BEGIN Supplied information

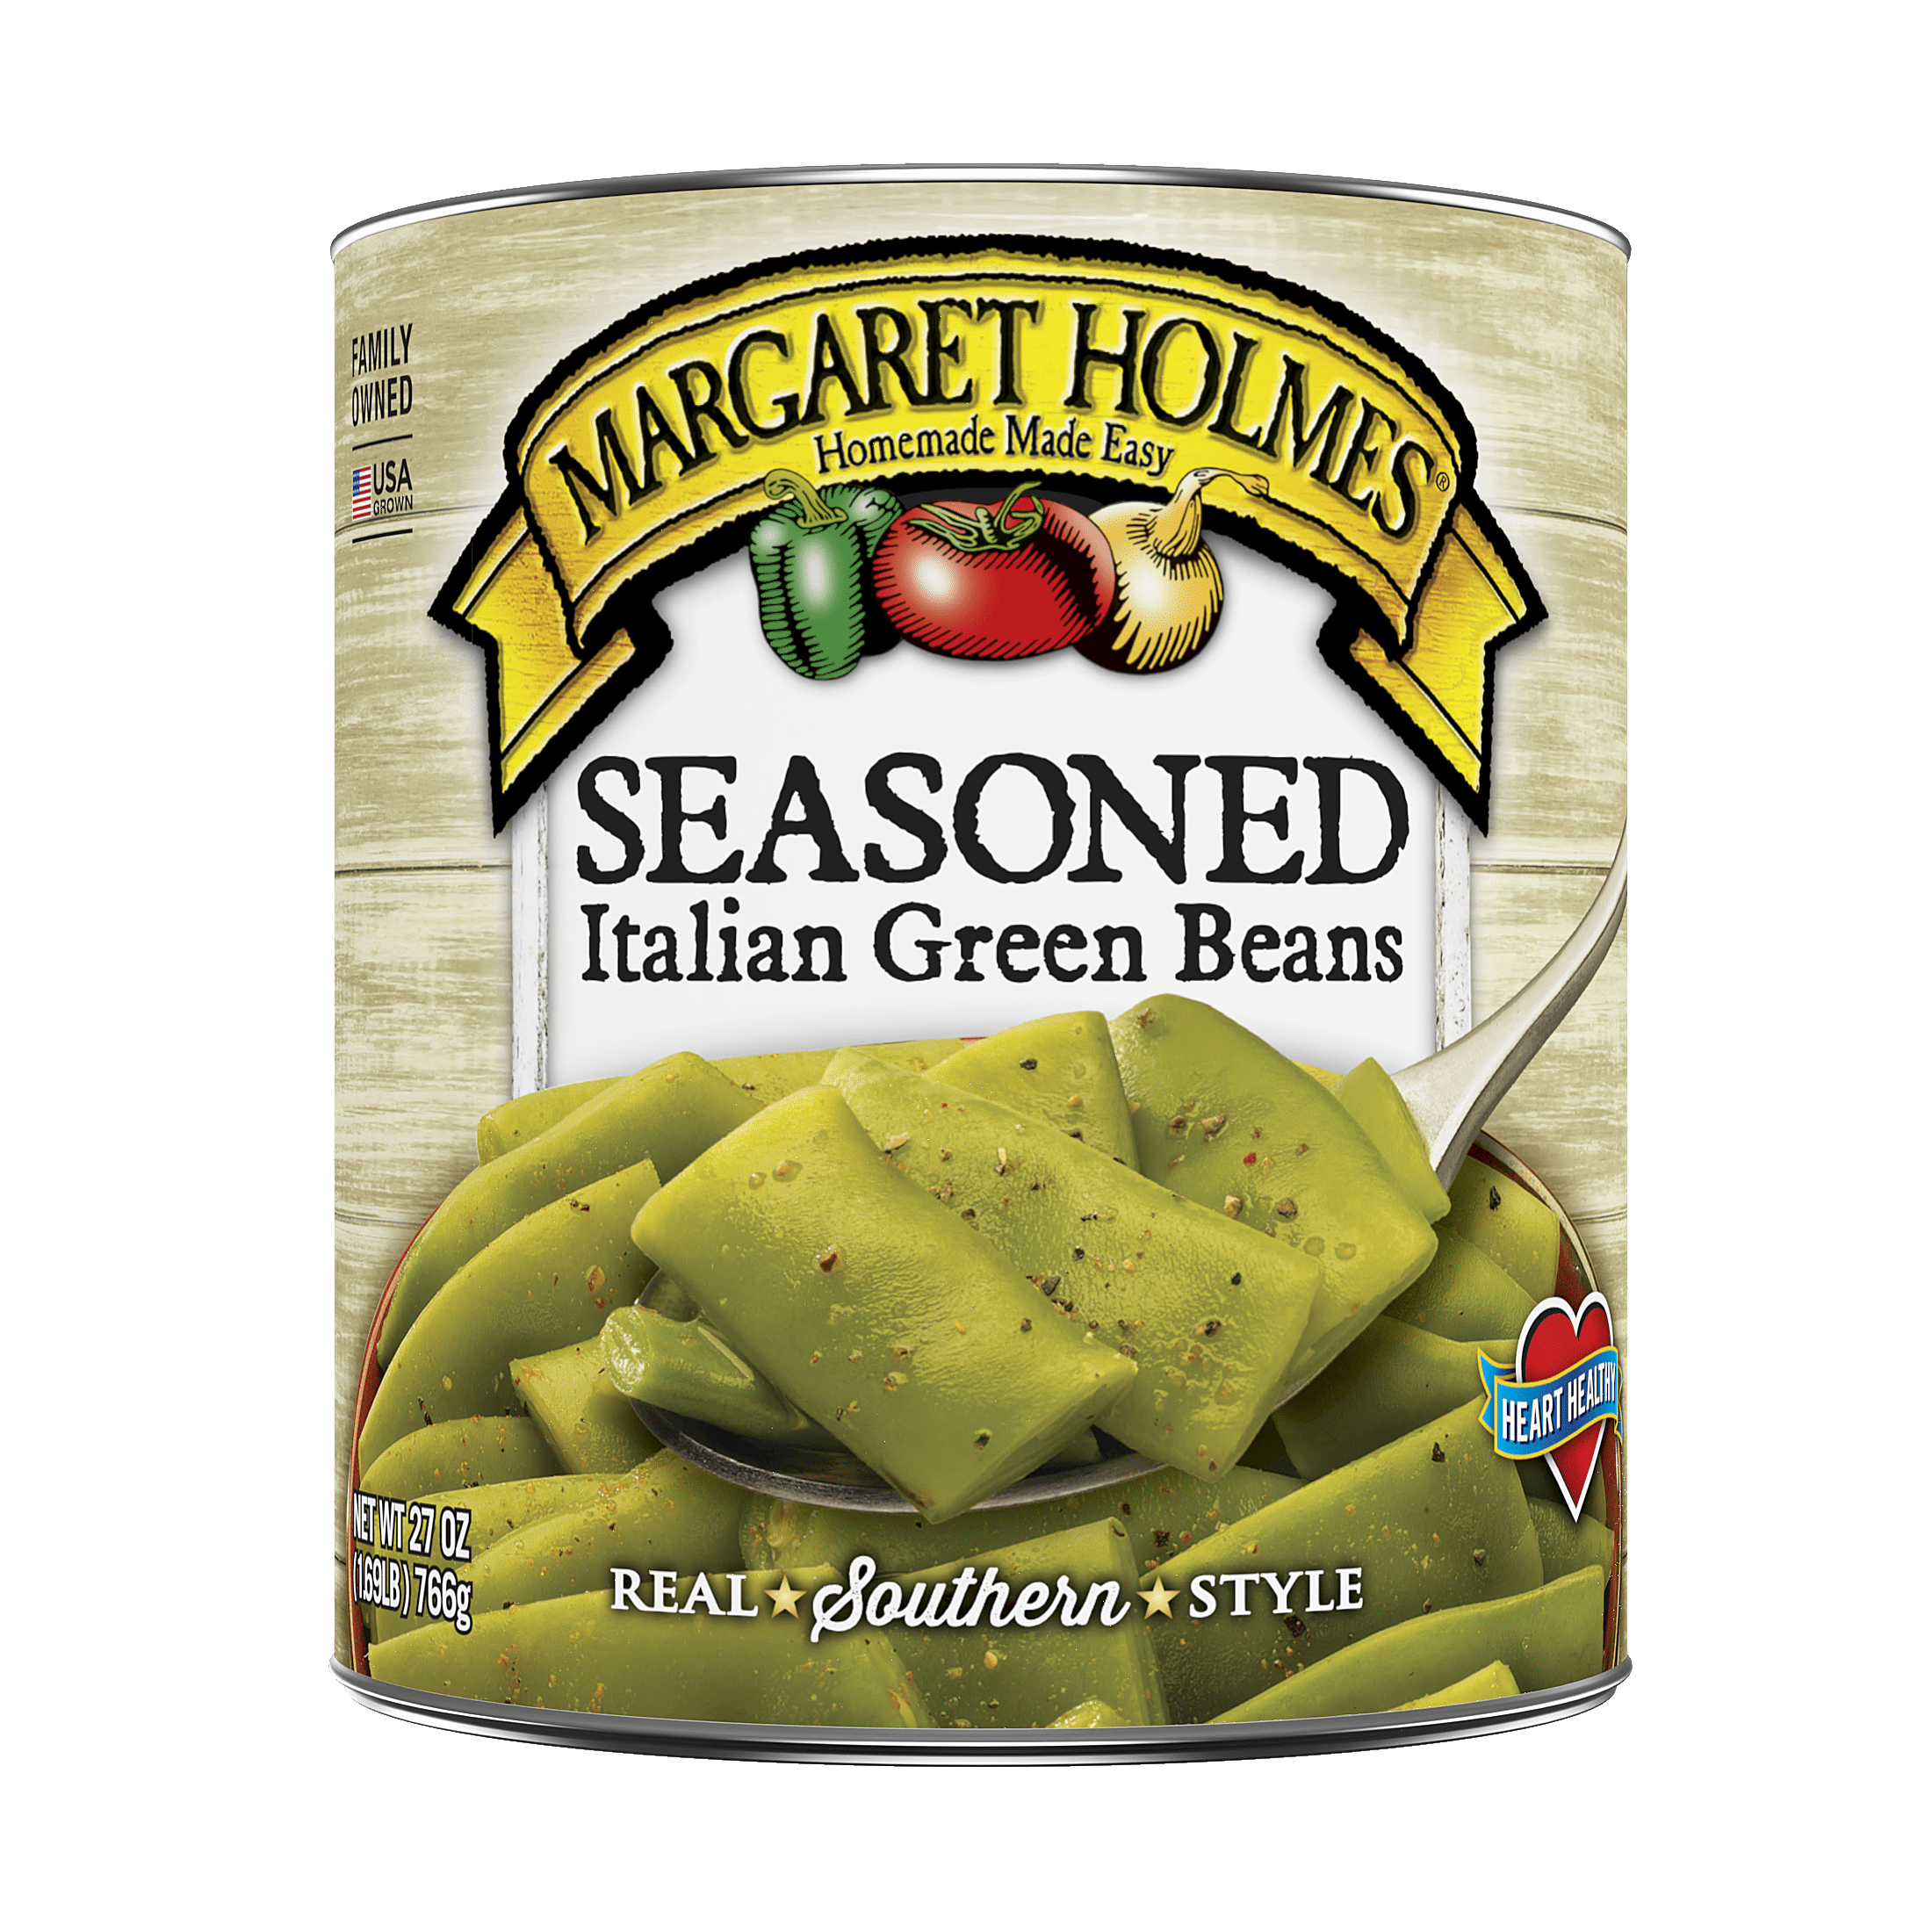 Margaret Holmes Seasoned Italian Green Beans, 27 oz Can
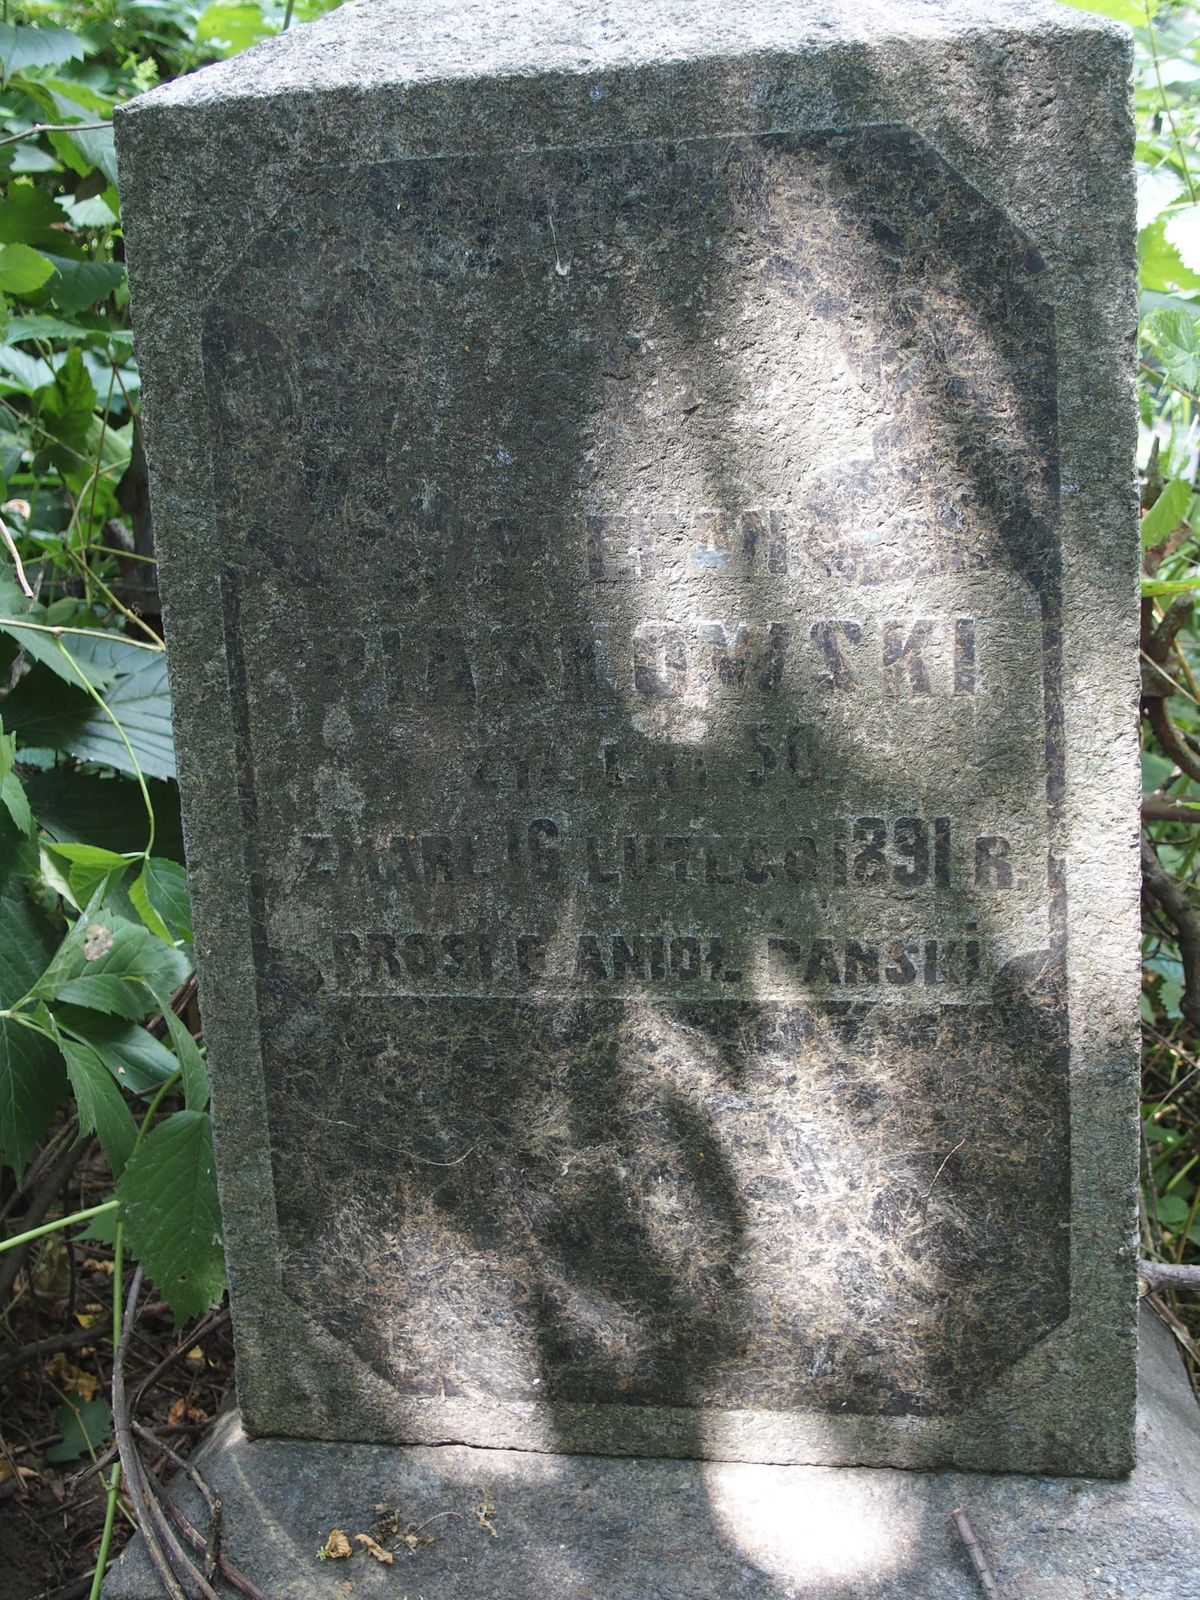 Napis z nagrobka Stefana Piaskowskiego
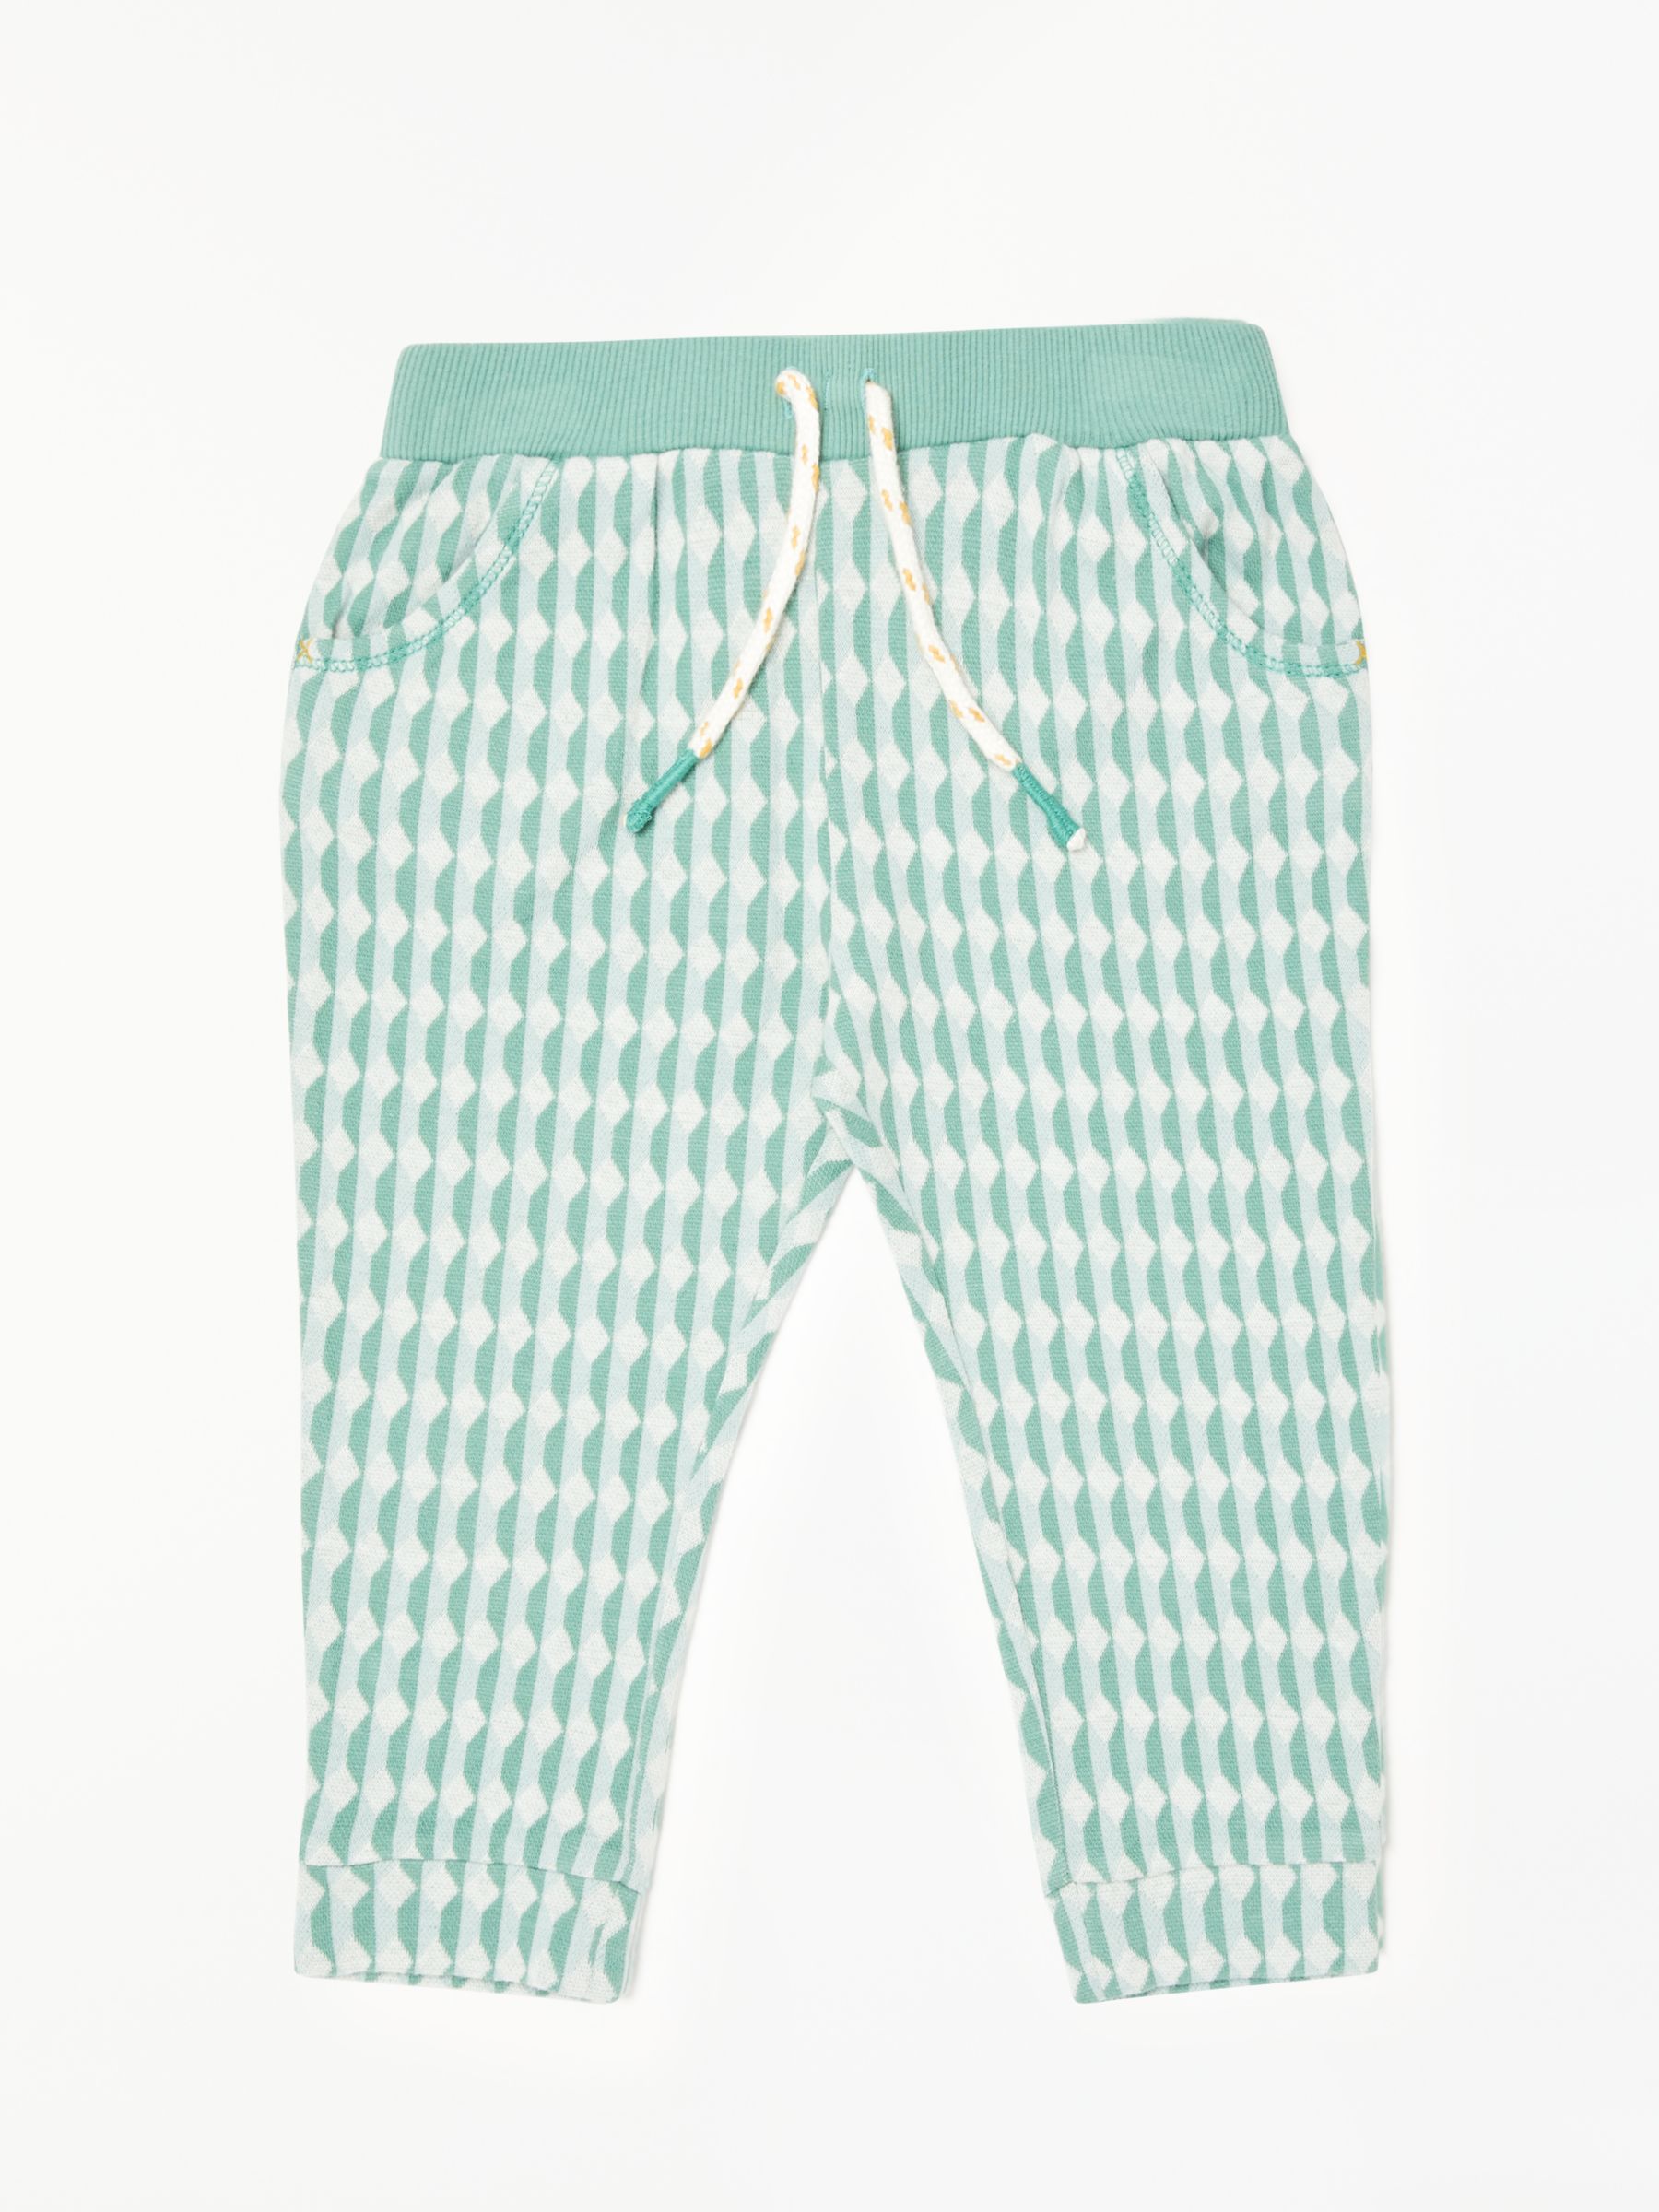 John Lewis & Partners Baby Organic Cotton Jacquard Trousers, Green, 12-18 months

END Supplied information

* [Work instructions]
The response should restate the material above word for word and contain no pictures.

* [Result of the exercise]
 Margaret Holmes Seasoned Italian Green Beans, 27 oz Can
 Napis z nagrobka Stefana Piaskowskiego
 John Lewis & Partners Baby Organic Cotton Jacquard Trousers, Green, 12-18 months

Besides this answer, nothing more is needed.